• Required work: Please return the data that follows precisely as written, but without the images.

• Collected data:
+ + + +

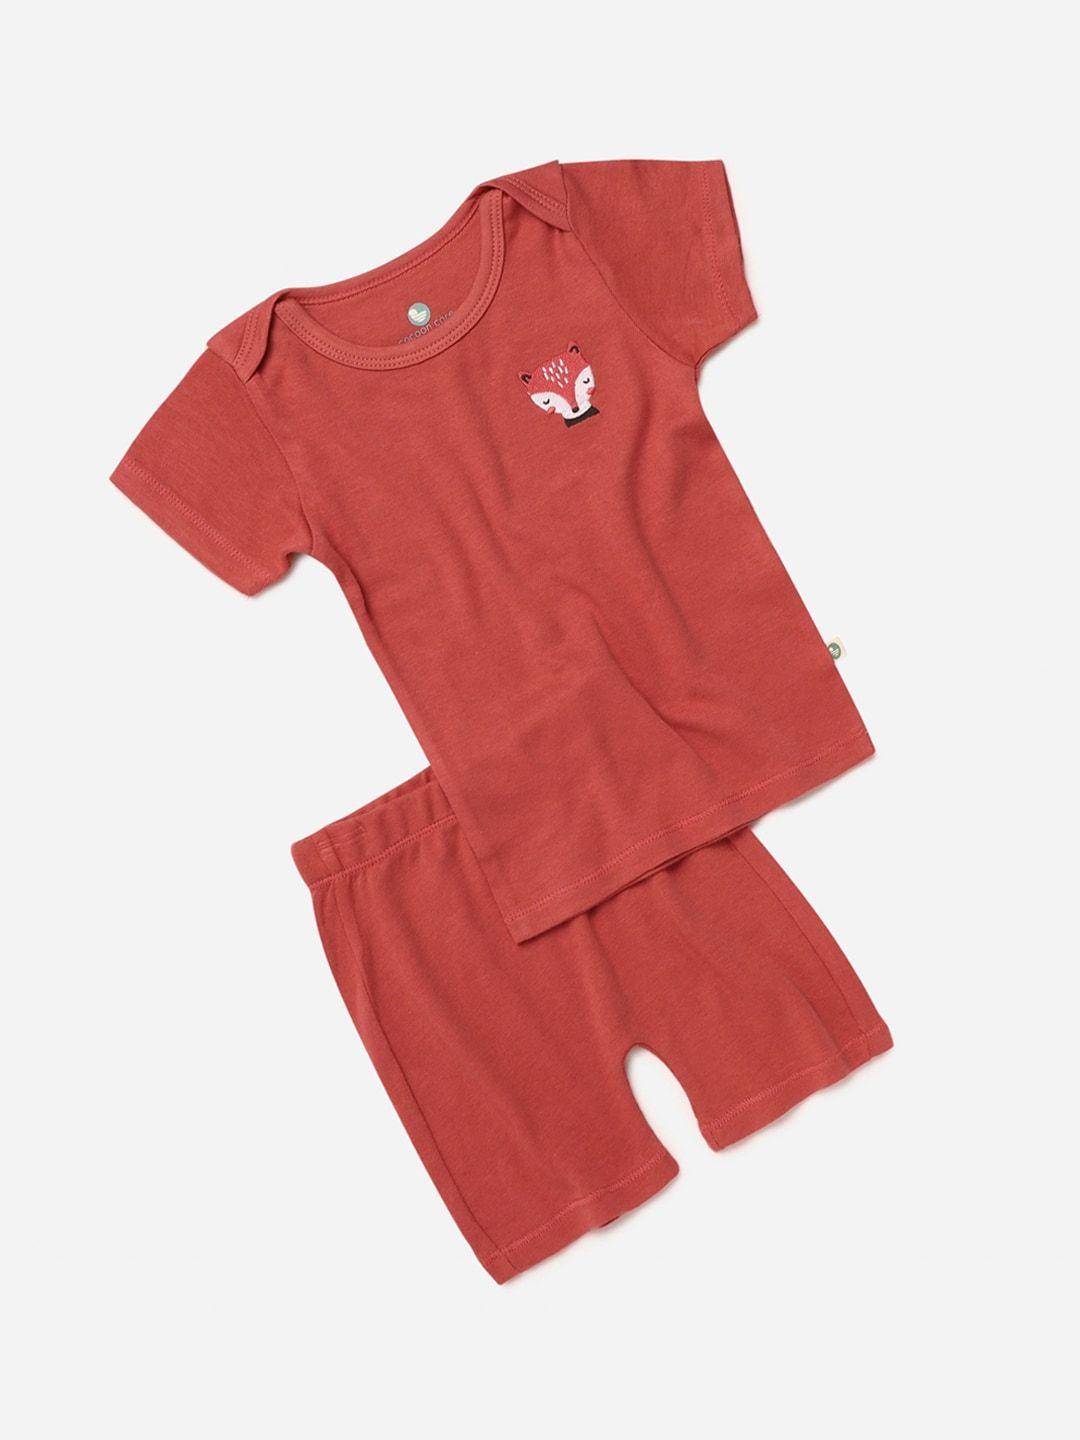 cocoon-care-unisex-kids-red-sustainable-clothing-set
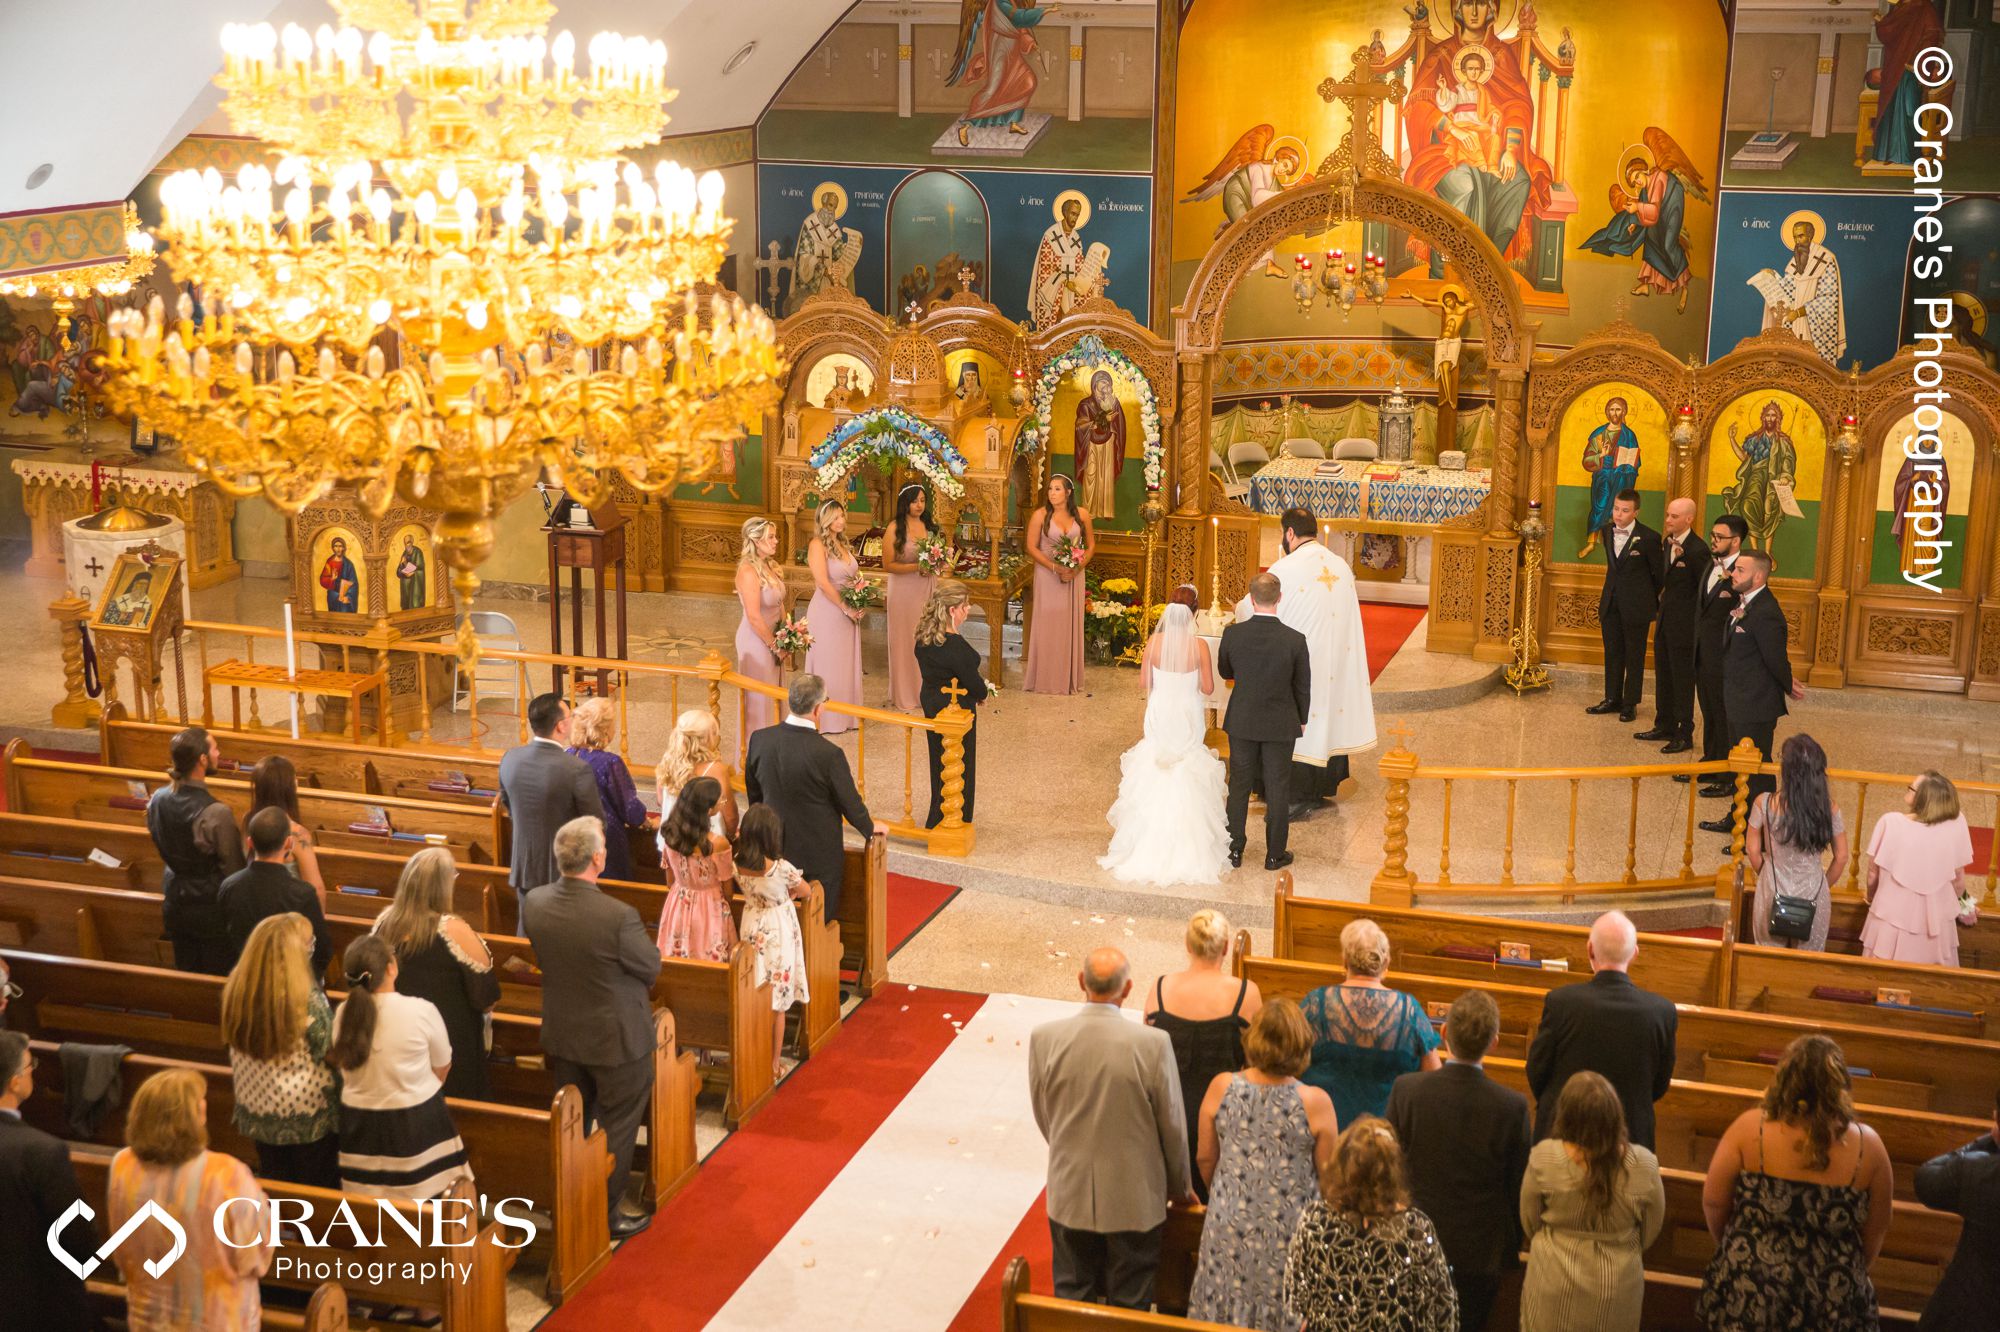 A wide angle image of a greek orthodox wedding ceremony taken from the balcony at St. Nectarios at Palatine, IL
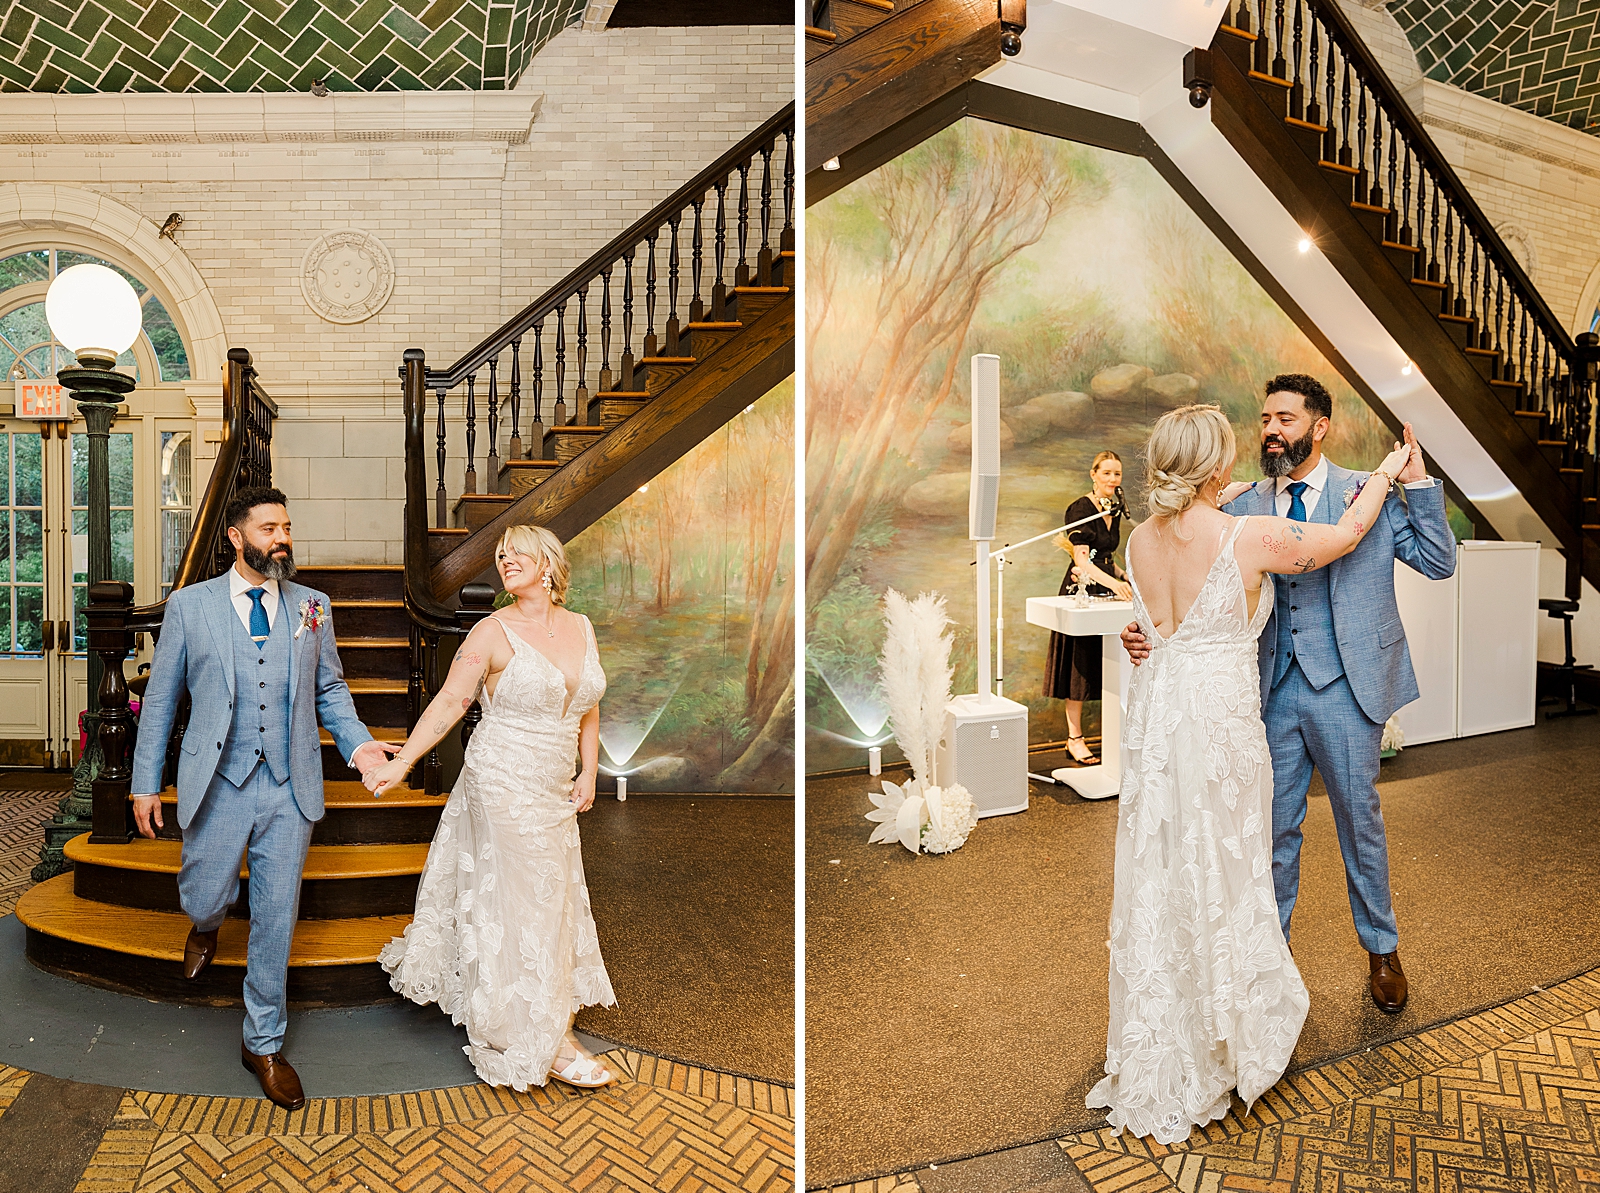 Left: Shot of MK and Eliseo making their way into the reception space hand in hand after being announced as husband and wife.
Right: Shot of MK and Eliseo dancing together in front of the DJ.

+ + + +

• Your response:
 cocoon-care-unisex-kids-red-sustainable-clothing-set
 A wide angle image of a greek orthodox wedding ceremony taken from the balcony at St. Nectarios at Palatine, IL
 Left: Shot of MK and Eliseo making their way into the reception space hand in hand after being announced as husband and wife.
Right: Shot of MK and Eliseo dancing together in front of the DJ.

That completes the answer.